Stepping from the Shadows: The Reasons Avril Coleridge-Taylor Warrants to Be Listened To

This talented musician constantly felt the pressure of her father’s reputation. Being the child of the celebrated composer Samuel Coleridge-Taylor, one of the prominent British artists of the turn of the 20th century, the composer’s name was cloaked in the deep shadows of history.

A World Premiere

Not long ago, I sat with these shadows as I got ready to make the world premiere recording of the composer’s piano concerto from 1936. With its intense musical themes, expressive melodies, and bold rhythms, Avril’s work will grant new listeners valuable perspective into how she – an artist in conflict who entered the world in 1903 – envisioned her existence as a woman of colour.

Shadows and Truth

Yet about the past. It can take a while to adapt, to recognize outlines as they actually appear, to tell reality from distortion, and I felt hesitant to face Avril’s past for a period.

I deeply hoped Avril to be following in her father’s footsteps. In some ways, that held. The idyllic English tones of parental inspiration can be observed in several pieces, for example From the Hills (1934) and Sussex Landscape (1940). But you only have to review the headings of her family’s music to understand how he identified as both a standard-bearer of English Romanticism and also a voice of the African diaspora.

It was here that parent and child appeared to part ways.

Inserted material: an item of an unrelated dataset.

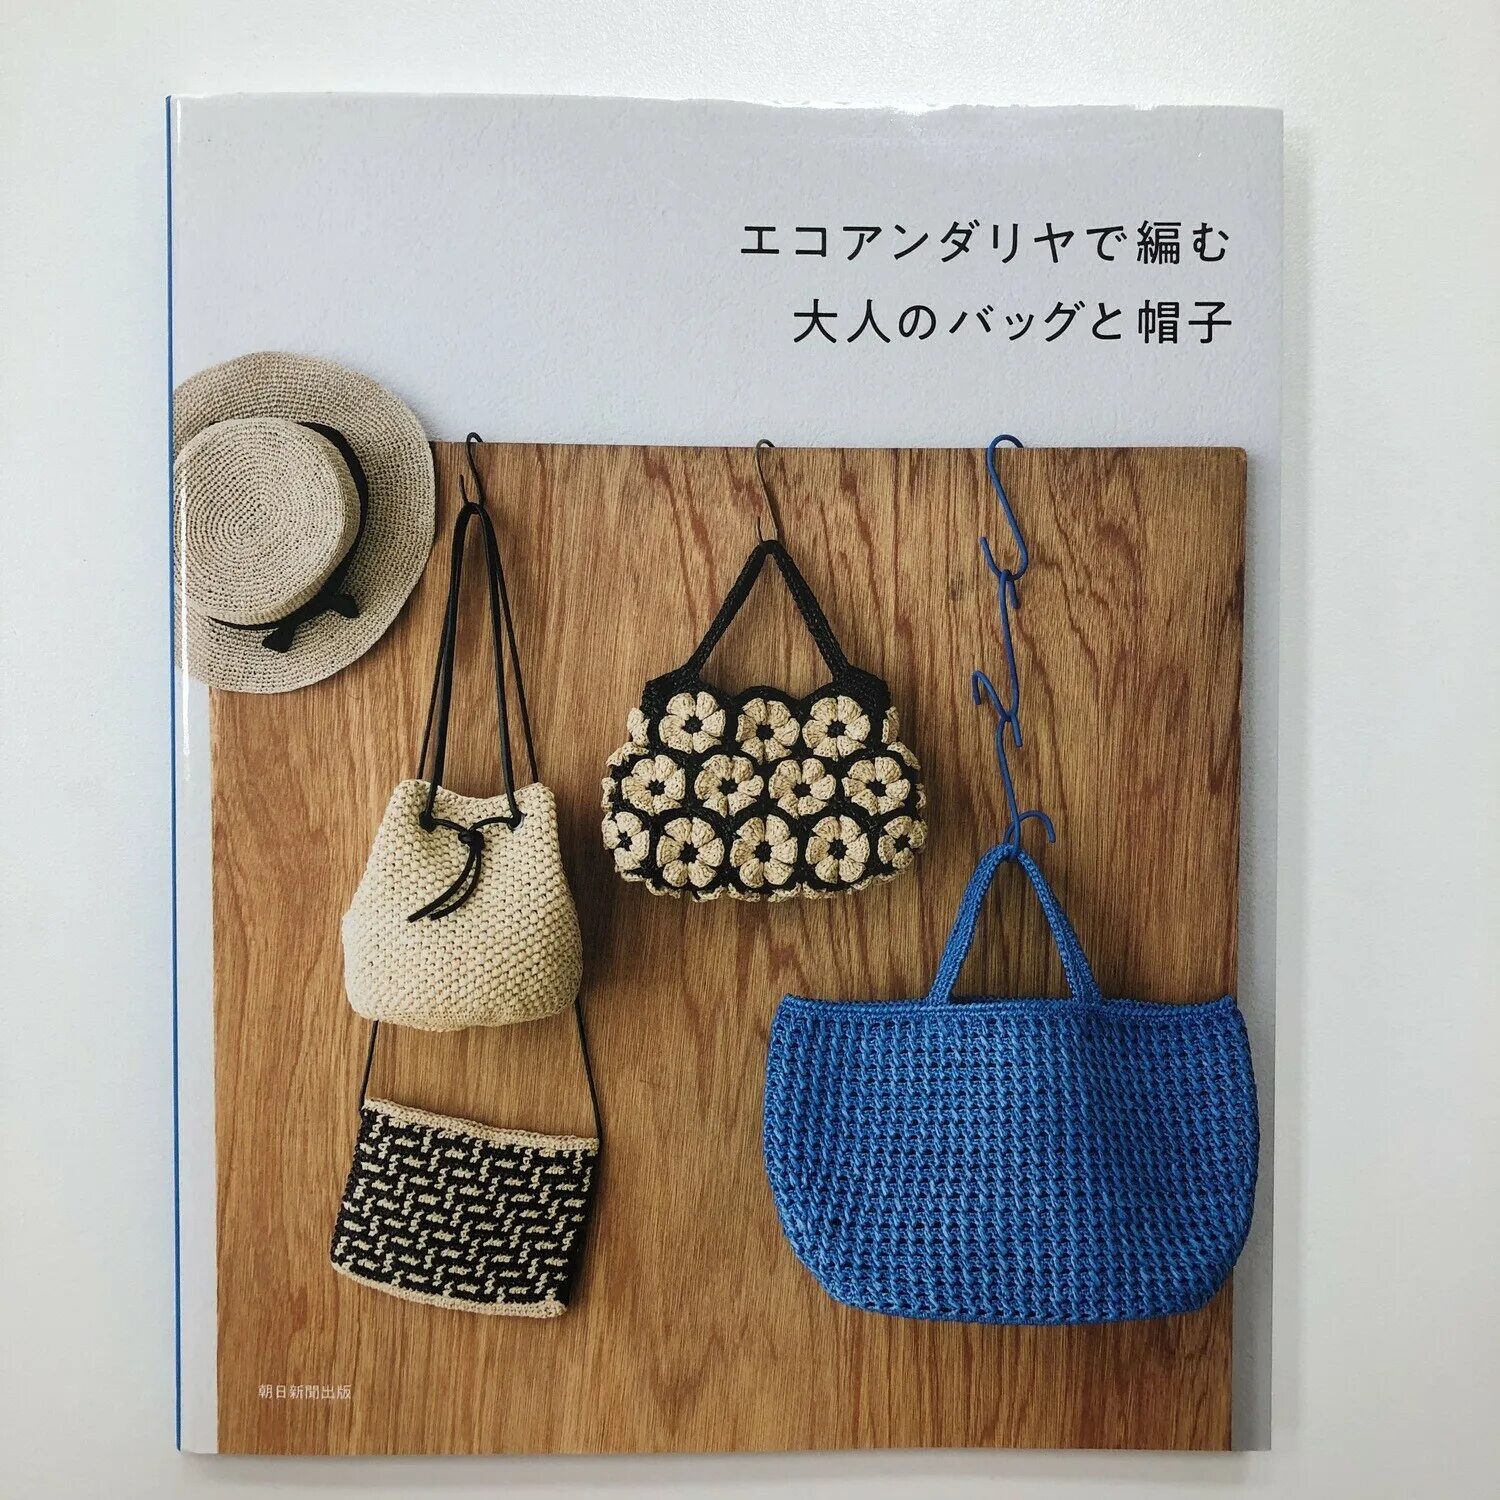 Сумка из рафии Eco Andaria. Сумка Hamanaka из рафии. Рафия японские журналы. Asahi Crochet Bag. Hats bags

American society evaluated Samuel by the mastery of his compositions rather than the colour of his skin.

Samuel’s African Roots

During his studies at the renowned institution, the composer – the child of a parent from Sierra Leone and a Caucasian parent – started to lean into his background. Once the African American poet Paul Laurence Dunbar came to London in 1897, the 21-year-old composer was keen to meet him. He composed the poet’s African Romances into music and the subsequent year incorporated his poetry for a stage piece, Dream Lovers. Subsequently arrived the choral composition that made him famous: Hiawatha’s Wedding Feast.

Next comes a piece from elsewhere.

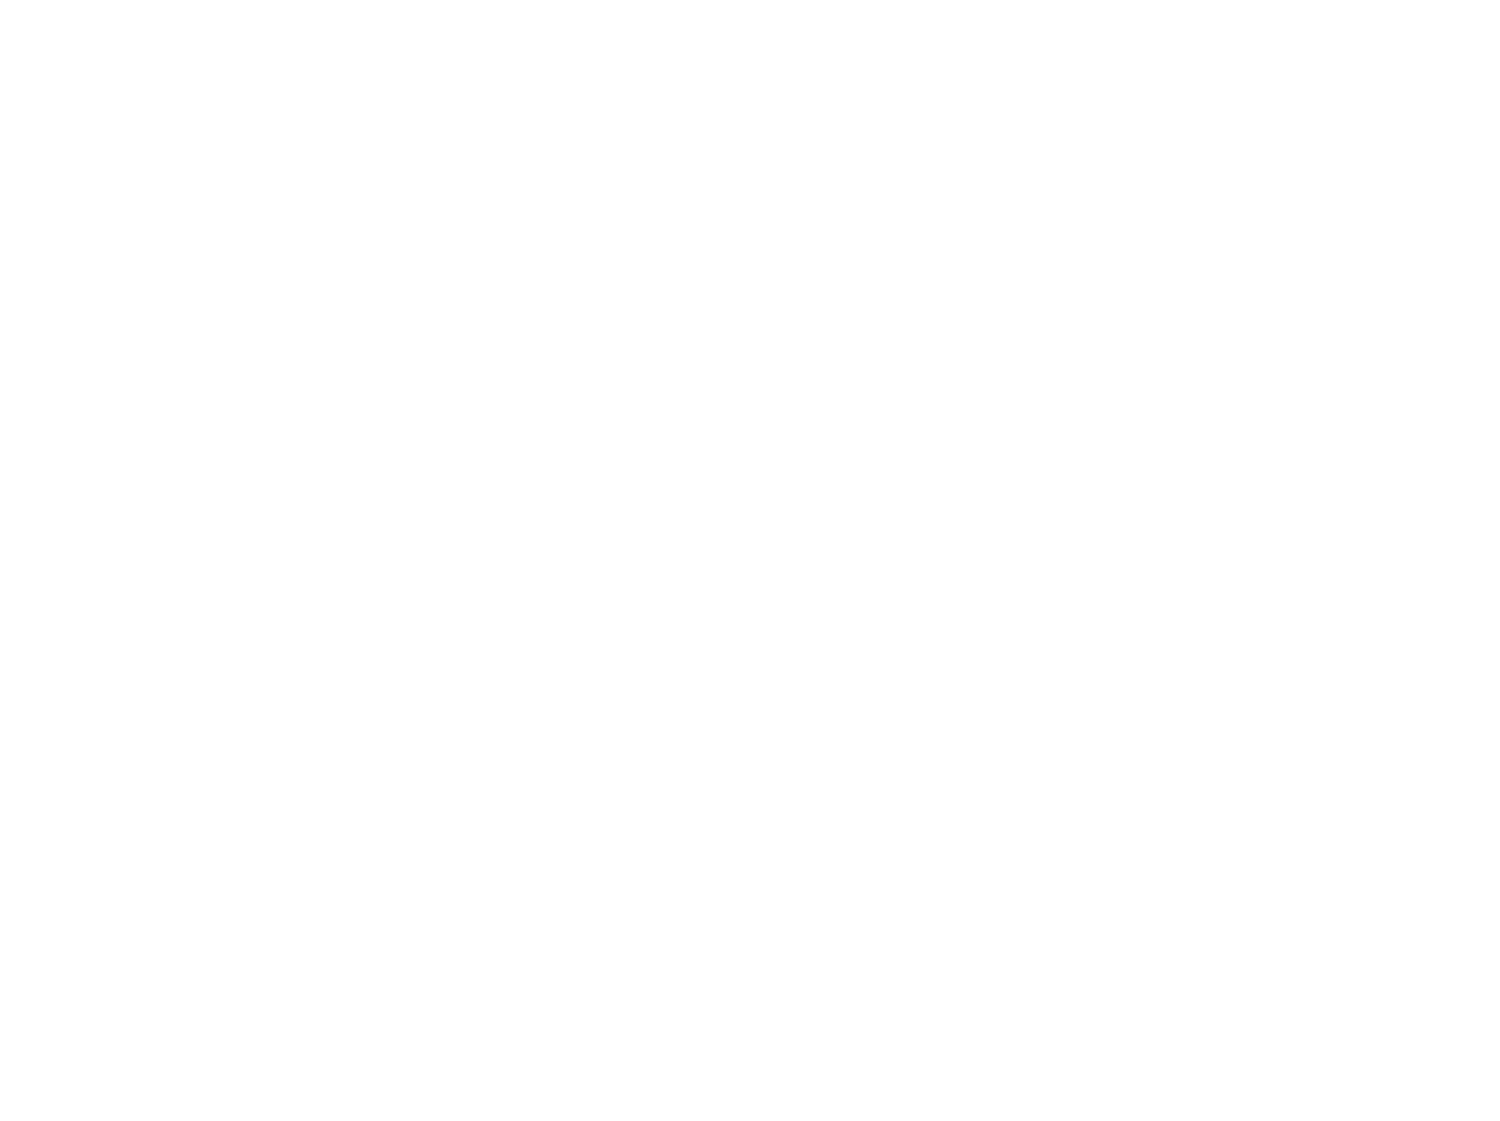 Land Resilience Partnership

Based on Henry Wadsworth Longfellow’s The Song of Hiawatha, this composition was an worldwide sensation, particularly among Black Americans who felt indirect honor as the majority judged Samuel by the excellence of his music rather than the colour of his skin.

Activism and Politics

Fame did not temper his beliefs. At the turn of the century, he participated in the pioneering African conference in London where he encountered the Black American thinker WEB Du Bois and saw a range of talks, such as the oppression of African people in South Africa. He remained an advocate to his final days. He kept connections with early civil rights leaders such as the scholar and Booker T Washington, delivered his own speeches on ending discrimination, and even engaged in dialogue on issues of racism with the US President on a trip to the presidential residence in the early 1900s. In terms of his art, reminisced Du Bois, “he wrote his name so high as a musician that it will endure.” He succumbed in that year, at 37 years old. However, how would her father have thought of his daughter’s decision to work in this country in the mid-20th century?

Issues and Stance

“Child of Celebrated Artist expresses approval to S African Bias,” declared a title in the community journal Jet magazine. This policy “seems to me the right policy”, the composer stated Jet. When pushed to clarify, she backtracked: she did not support with this policy “fundamentally” and it “ought to be permitted to run its course, directed by well-meaning South Africans of diverse ethnicities”. Were the composer more aligned to her family’s principles, or from Jim Crow America, she could have hesitated about this system. Yet her life had sheltered her.

Identity and Naivety

“I possess a English document,” she stated, “and the officials did not inquire me about my ethnicity.” Therefore, with her “porcelain-white” skin (as Jet put it), she moved alongside white society, lifted by their admiration for her late father. She delivered a lecture about her family’s work at the educational institution and led the broadcasting ensemble in Johannesburg, featuring the heroic third movement of her Piano Concerto, subtitled: “Dedicated to my Father.” Although a accomplished player on her own, she avoided playing as the soloist in her work. On the contrary, she invariably directed as the conductor; and so the segregated ensemble performed under her direction.

The composer aspired, according to her, she “may foster a change”. Yet in the mid-1950s, things fell apart. Once officials learned of her Black ancestry, she could no longer stay the nation. Her citizenship didn’t protect her, the diplomatic official advised her to leave or face arrest. She went back to the UK, embarrassed as the magnitude of her naivety dawned. “The lesson was a painful one,” she stated. Compounding her embarrassment was the 1955 publication of her unfortunate magazine feature, a year after her sudden departure from the country.

A Common Narrative

As I sat with these shadows, I sensed a known narrative. The story of identifying as British until you’re not – one that calls to mind African-descended soldiers who fought on behalf of the English throughout the World War II and made it through but were denied their due compensation. And the Windrush generation,

Ashley Wood
Ashley Wood

Elara is a lifestyle writer passionate about sustainable living and mindfulness, sharing insights to inspire positive daily changes.